What is needed – Your output should be the complete listing, word for word, with no pictures in it.

Given data –
+++

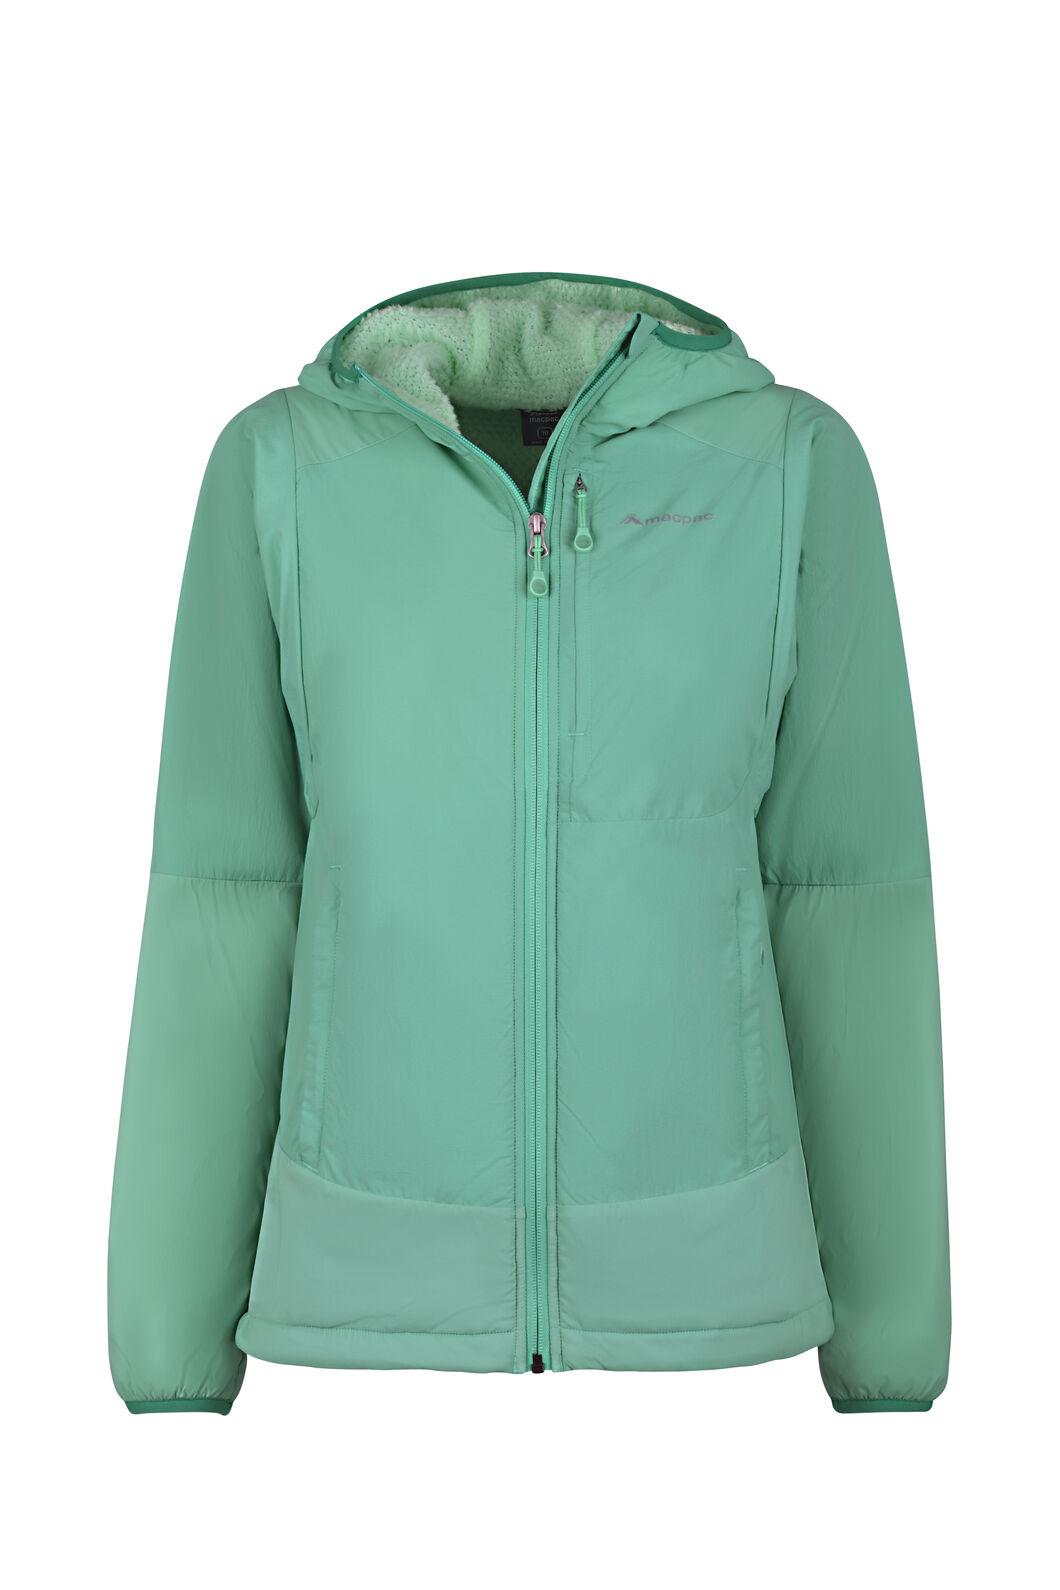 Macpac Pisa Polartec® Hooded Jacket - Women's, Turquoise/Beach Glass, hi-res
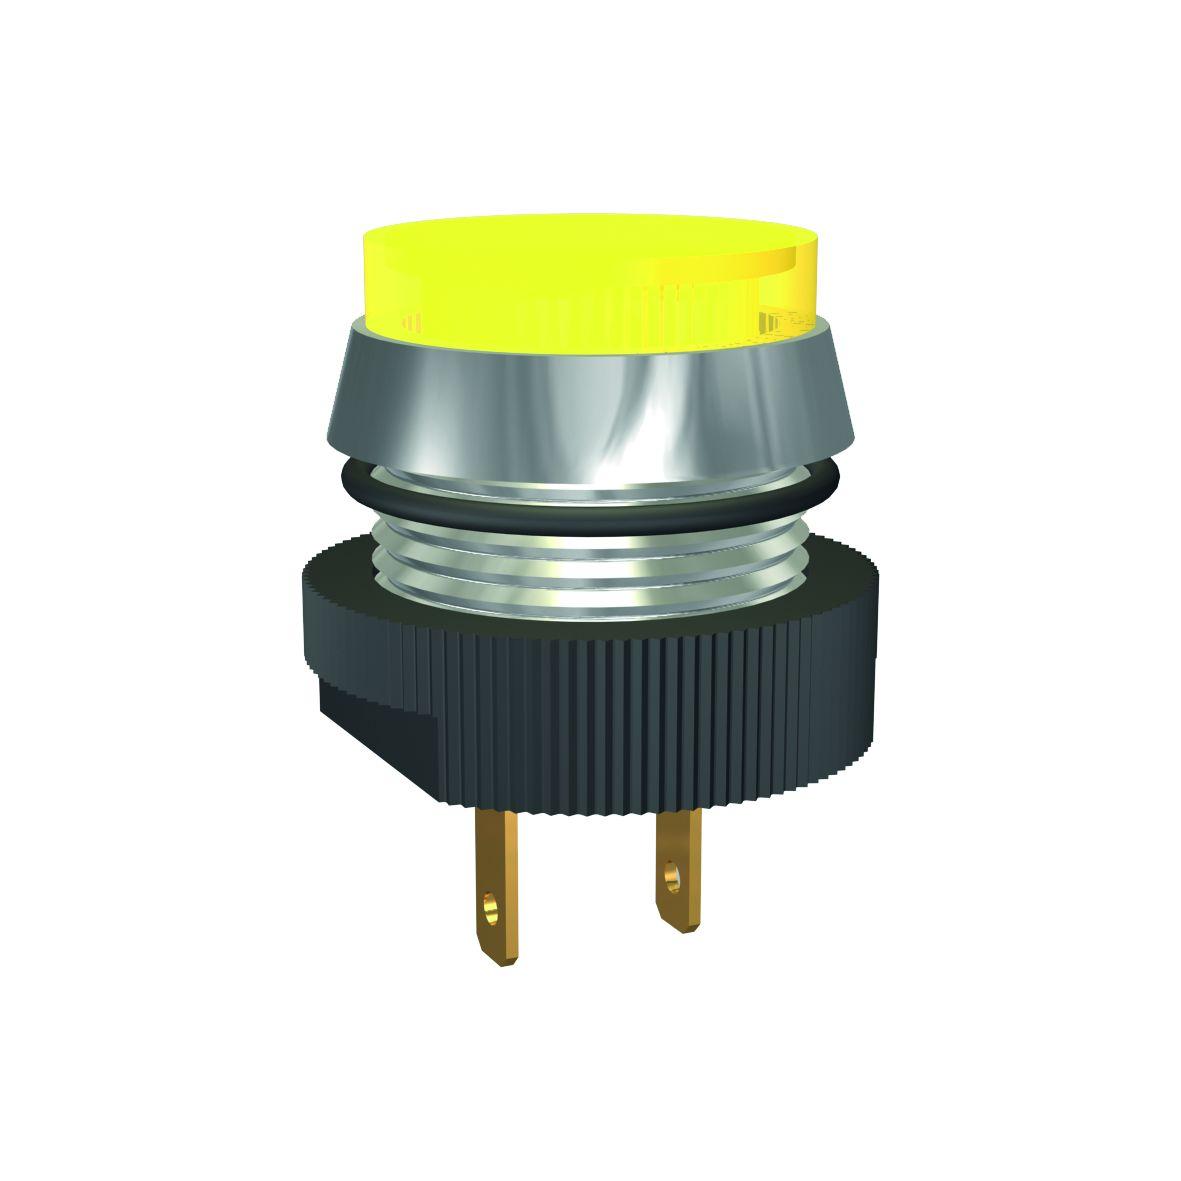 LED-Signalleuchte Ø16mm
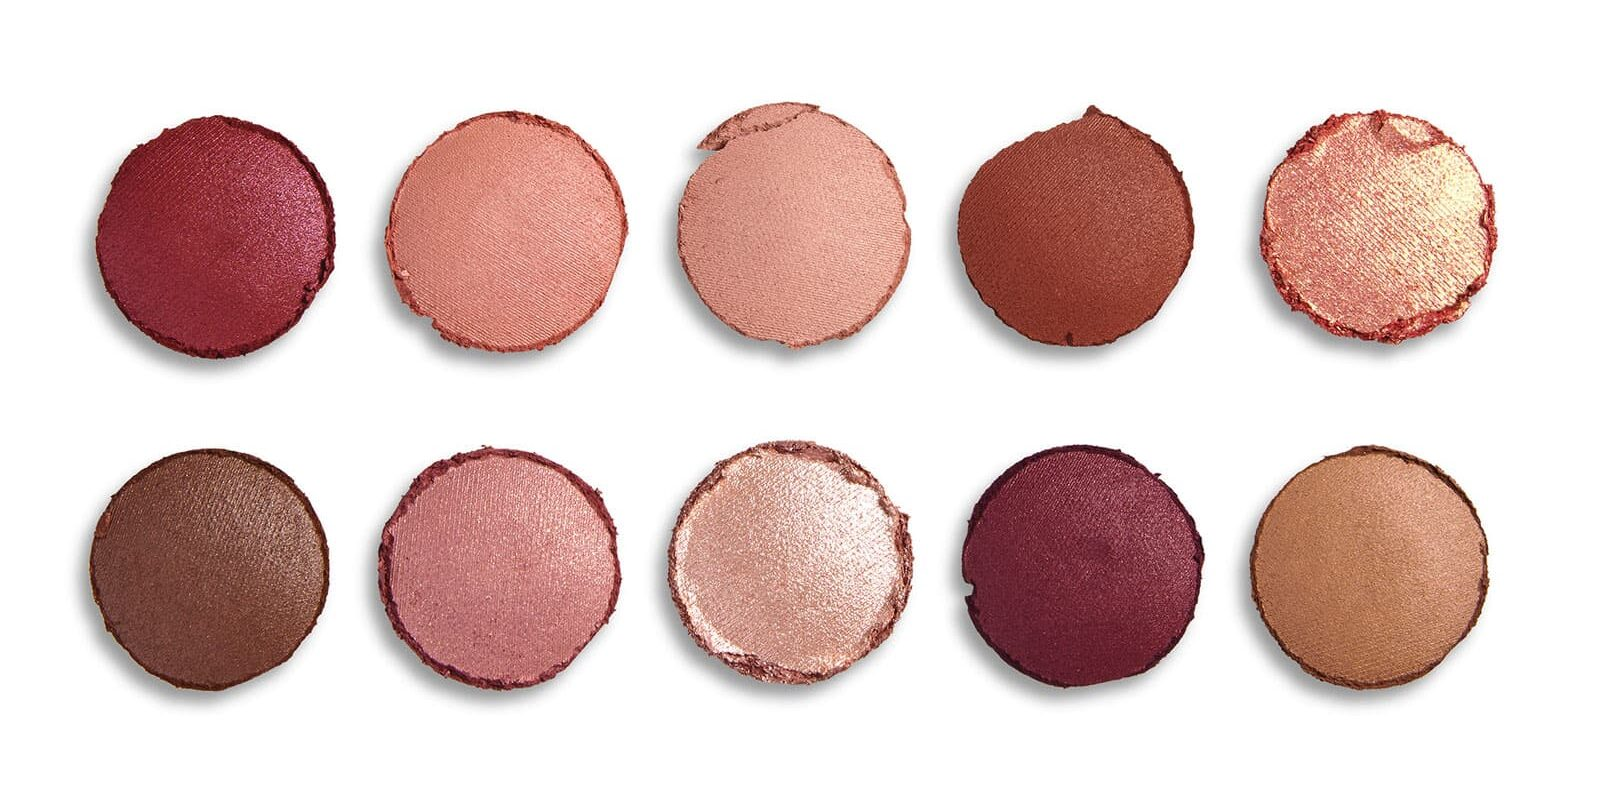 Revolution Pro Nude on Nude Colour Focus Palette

+++

Task response –
 Macpac Pisa Polartec® Hooded Jacket - Women's, Turquoise/Beach Glass, hi-res
 LED-Signalleuchte Ø16mm
 Revolution Pro Nude on Nude Colour Focus Palette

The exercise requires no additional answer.